|St. Ignatius of Loyola|
For many Catholics, they can think of something, maybe several things, that would go in that blank.
This popular rejection of Catholic teaching by Catholics is especially evident in this week in social media. as self-professed members of Holy Mother Church sport their equal signs in a "Here I stand I can do no other" moment. One of the things that surprises me in encountering this very Protestant behavior among Catholics is the complete obstinacy in not even seeking to understand and embrace Catholic teaching on the matter.
Compare this attitude with St. Ignatius Loyola, founder of the Jesuits, who wrote, in his “Rules for Thinking with the Church," the following: “Always to be ready to obey with mind and heart, setting aside all judgment of one's own, the true spouse of Jesus Christ, our holy mother, our infallible and orthodox mistress, the Catholic Church, whose authority is exercised over us by the hierarchy.”
Five centuries later, many contemporary Catholics do not “think with the Church” much at all on a whole host of issues, especially those related to sexuality, marriage, and family life.
For example, consider a recent Gallup poll in which 66% of professed Catholics now view homosexual relations as morally acceptable, while 51% favor the redefinition of marriage to include same-sex relationships. In both cases, Catholics polled above the general population. Yet Catholic teaching has not changed; the Catechism affirms the sacred dignity of all persons, but views homosexual acts as gravely depraved and homosexual desires as intrinsically disordered.
Other surveys suggest that dissent is also prevalent among modern Catholics on the issues of contraception, the indissolubility of marriage, pre-marital sex, and perhaps even abortion.
Why the disconnect? I would suggest at least primary reasons.
For one thing, we live in an age that values tolerance, and thus we do not wish to condemn anyone regarding such deeply personal matters as sex, marriage, and family life. So we tend to resist dogmatic teaching that might make another person feel judged or de-valued.
Secondly, issues like these involve trusting God with the most intimate areas of our lives. It doesn’t cost us as much to cognitively believe Catholic teaching on the Eucharist or the saints as it does to believe (and practice) the Church’s ethic on sexuality, marriage, and family life. Take, for instance, the Catholic idea that every sexual union between spouses should be open to new life; embracing this belief requires significant faith and sacrifice.
Thirdly, we live in a country whose origin was shaped largely by a Protestant spirit of independent thinking that imbues our national ethos. Some American Catholics even believe that dissent is vital, arguing that it is St. Ignatius’ type of thinking that has enabled the current abuse scandals. In other words, if we can’t question the hierarchy, some of whom badly mishandled abuse allegations, we are destined for further corruption in the future.

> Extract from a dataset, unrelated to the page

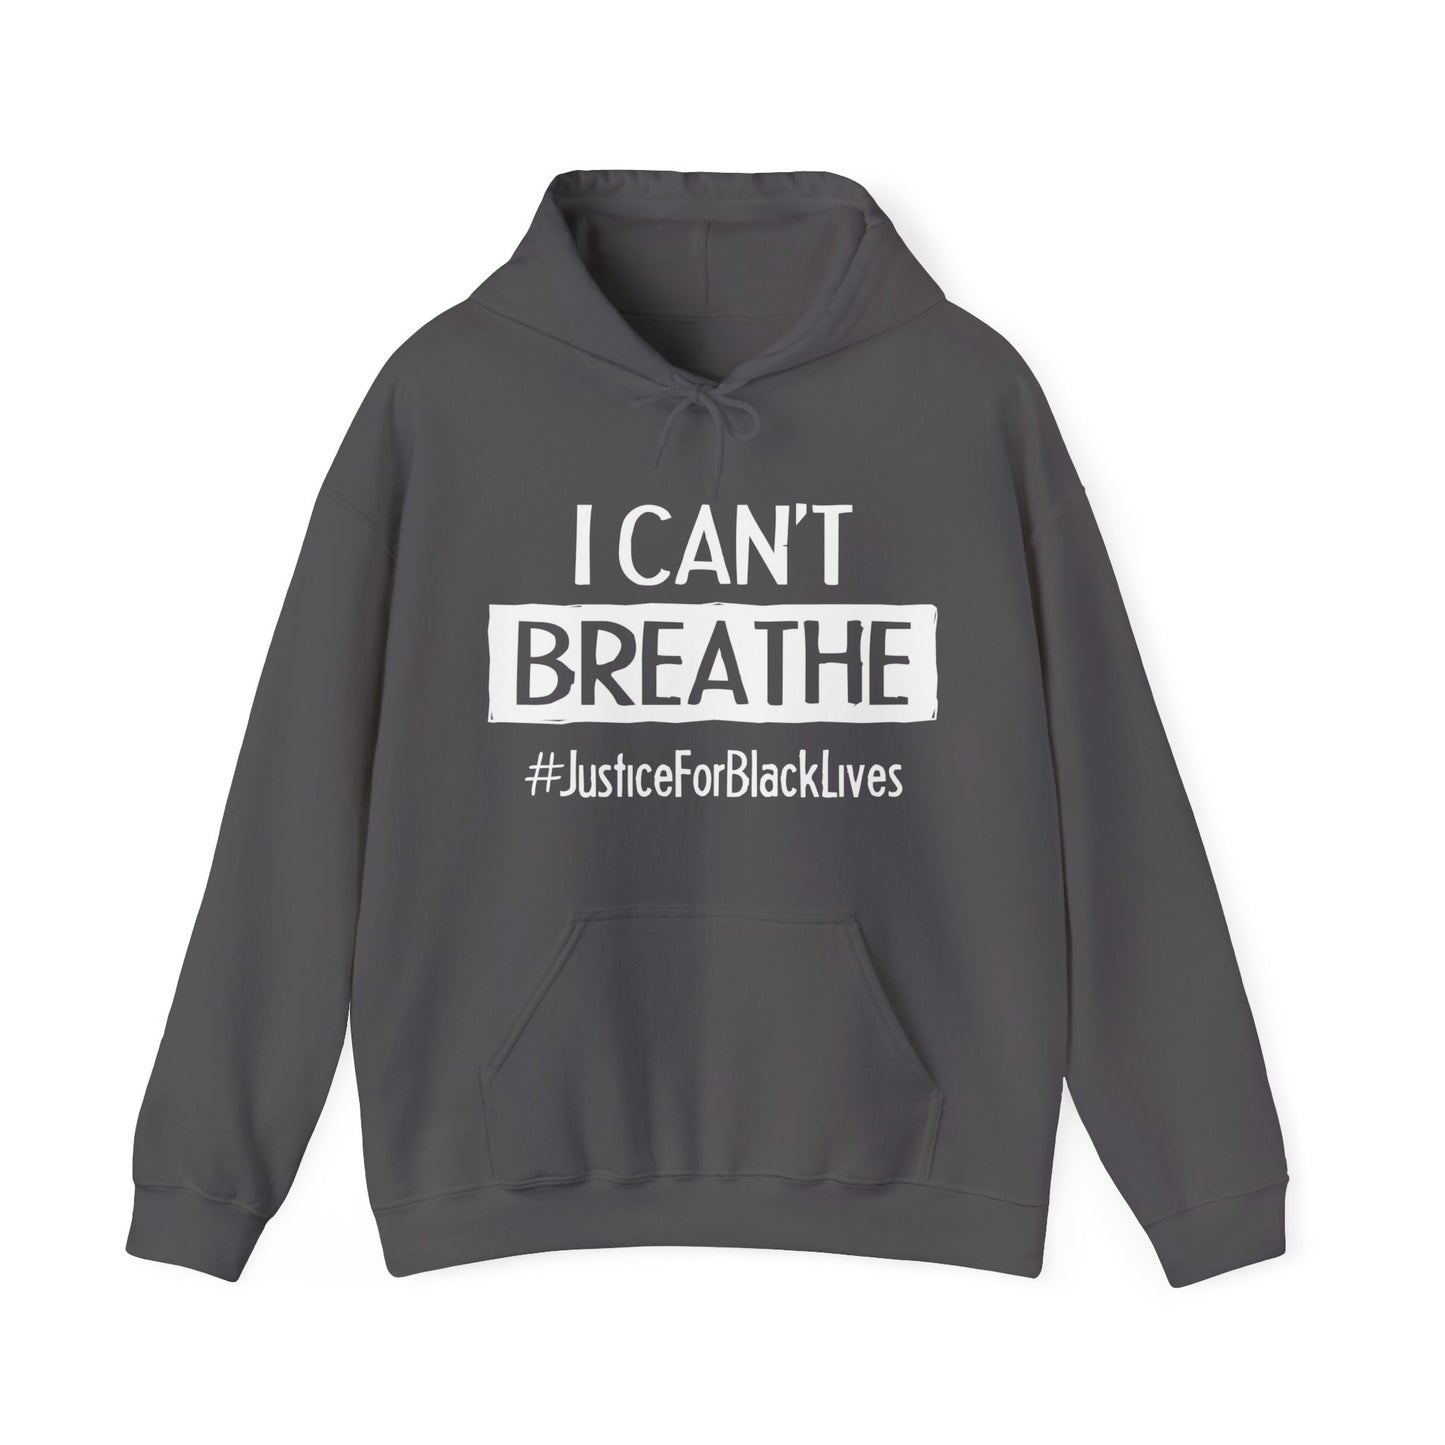 “I Can't Breathe” Unisex Hoodie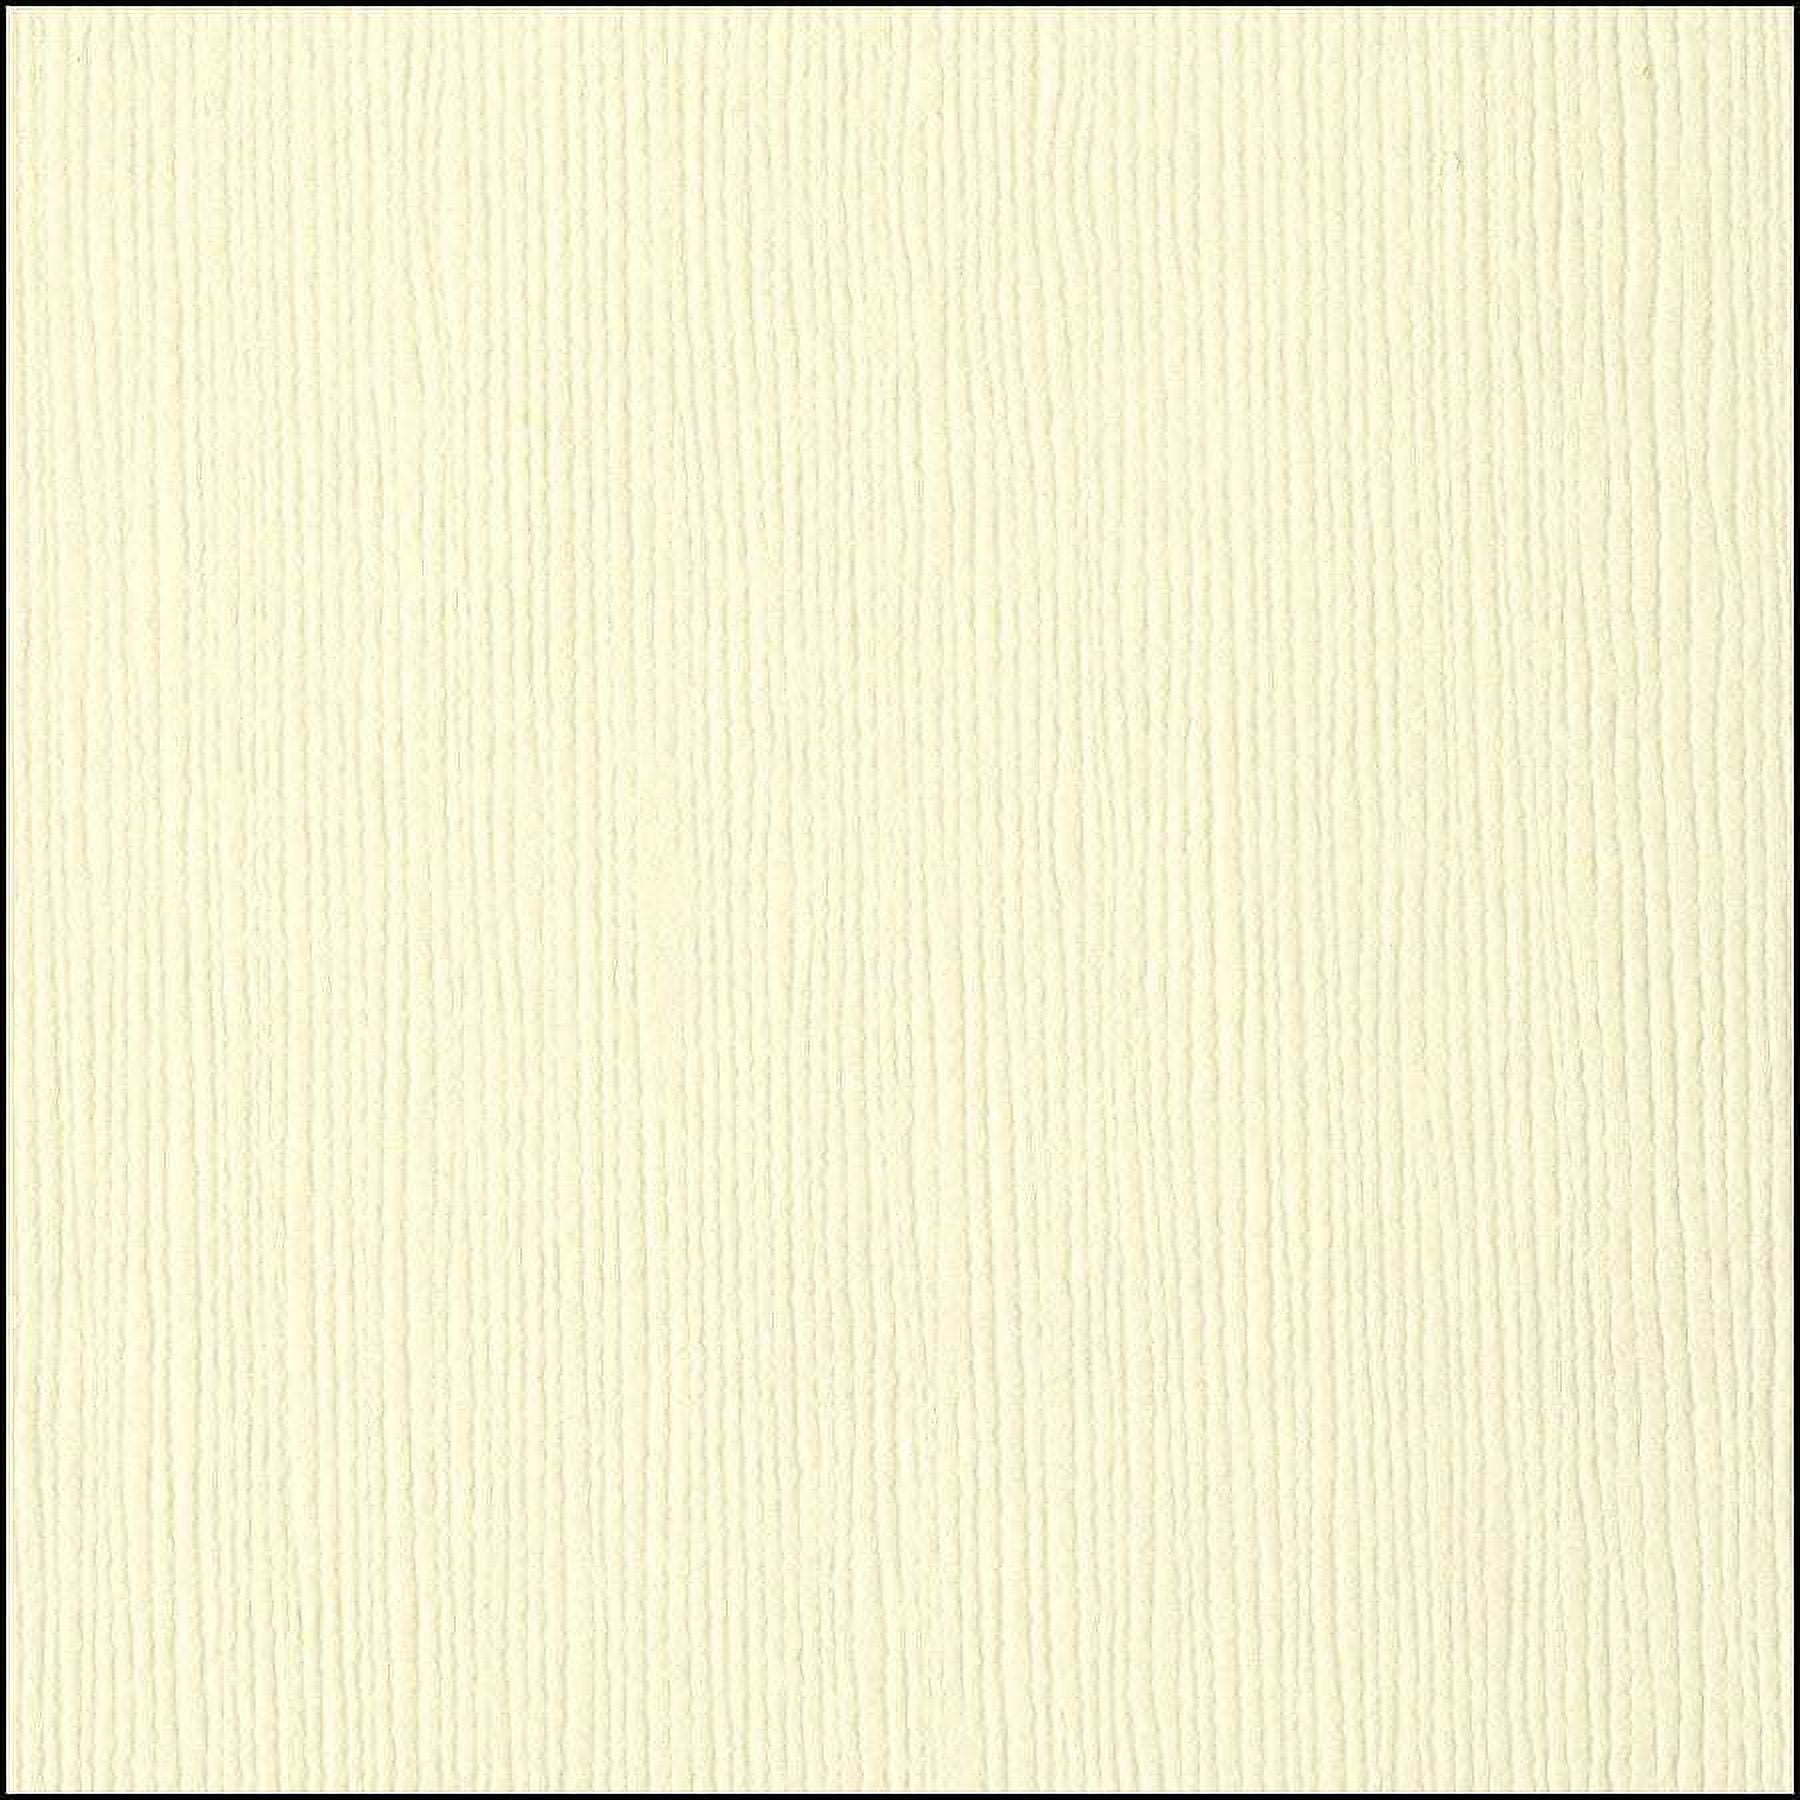 Bazzill Cardstock - Pebble Beach 12x12 (smooth speckled)

Yet understanding St. Ignatius requires historical context. He founded his “Society of Jesus” amid the crisis of authority wrought by the Protestant Reformation, a rebellion doubtlessly inflamed by corruption within the hierarchy. Amid this crisis, the Jesuits’ powerful witness of submissive obedience played a tremendous role in the needed renewal of the Catholic Church.
Our current age is similar, but today’s dissenters don’t reject the Church outright like Martin. Luther. Instead, they remain in the Church, in body but not heart, dismissing both the Church’s extrinsic authority (by virtue of her office) and her intrinsic authority (the truth of her teaching).
Amid such confusion, we need more Catholics who embrace both aspects of Church authority.
By itself, I suspect that an appeal only to the Church’s extrinsic authority (we should believe because the Church says so) is unlikely to do much good amid this particular season of independent thinking and wounded Church credibility.
Instead, we need to rediscover, and help others discover, the Church’s intrinsic authority, the coherent truth of her teaching. We also need to see that the Catholic vision, when properly understood resonates with the innate desire to give and receive faithful, sacrificial, life-generating love. We also need a proper understanding of love, which is not permissiveness, but a commitment to the ultimate good of others even when that good requires resisting powerful but destructive desires, or the short-term pain of speaking the unpopular truth with clarity and grace.
In short we need to learn how to “think with the Church,” in the words of St. Ignatius, asking the question a friend of mine suggested when we find ourselves dissenting with Catholic teaching: “If I do not believe what the Church teaches, what am I not understanding correctly?”
Of course, that’s the rub I suppose—we’ll never fully learn think with the Church until we submit our intellect to a greater authority that ourselves. But the beautiful irony is that it is only in yielding our liberty that we find authentic freedom.
As G. K. Chesterton has written, “To become a Catholic is not to leave off thinking, but to learn how to think.”